Critics of the plant say the town’s 130 residents could also be subjected to light, noise and pollution, with views of the desert and historic emigrant trails sullied by the presence of an industrial plant a hundred meters away. These risks were not weighed when the Bureau of Land Management found “no significant impact” in its environmental evaluation of the exploration project.

“It’s kind of a NIMBY, but so much more,” said Roger, the Burning Man co-founder, whose two-acre home has 50 trees, a maze, chickens and an aquaponics system that harvests tilapia and fertilizes his greenhouse. . “It’s not just ‘not in my backyard,’ it’s don’t mess up my backyard.”

Last month, local authorities rescinded a permission for Ormat to “temporarily explore whether there is a commercially viable geothermal resource” at Gerlach, Ormat said in its statement, noting what is likely to be a lengthy dispute.

Burning Man organizers say that when it comes to their social principles, they walk the talk. Sustainability projects funded by the Burning Man Project, the non-profit entity that organizes the festival, are springing up in the city.

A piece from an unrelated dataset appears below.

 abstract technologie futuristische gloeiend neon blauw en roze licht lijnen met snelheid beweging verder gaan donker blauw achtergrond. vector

The organization claims that it “owns more than half of the commercial property in Gerlach”, advancing its goal of building a permanent community.

As part of an effort to reduce the festival’s annual carbon footprint of 100,000 tons by 2030, the Burning Man Project has outlined green initiatives such as providing more “solar installations for artwork and campers” and “having serious conversations” about what art to burn, Rose said.

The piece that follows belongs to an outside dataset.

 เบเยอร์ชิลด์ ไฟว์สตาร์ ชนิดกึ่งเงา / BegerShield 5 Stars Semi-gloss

But it is an ambitious goal. About 90 percent of Burning Man’s emissions are caused by cars, RVs and planes that ferry thousands of attendees into the remote wilderness.

Mr Roger said he hoped greener networks would attract more electric vehicles to the festival. Unfortunately, electric cars require lithium-ion batteries sourced from plants like the one in Fuse Battery plans to build outside of Gerlach and will probably receive a similar rejection.

He added that he had no plans to scale down the festival to offset its carbon footprint.

“Burning Man changes lives, so if we can wake people up there, it’s all worth it to me,” he said. “I don’t want to lower the number; I would like to upload it.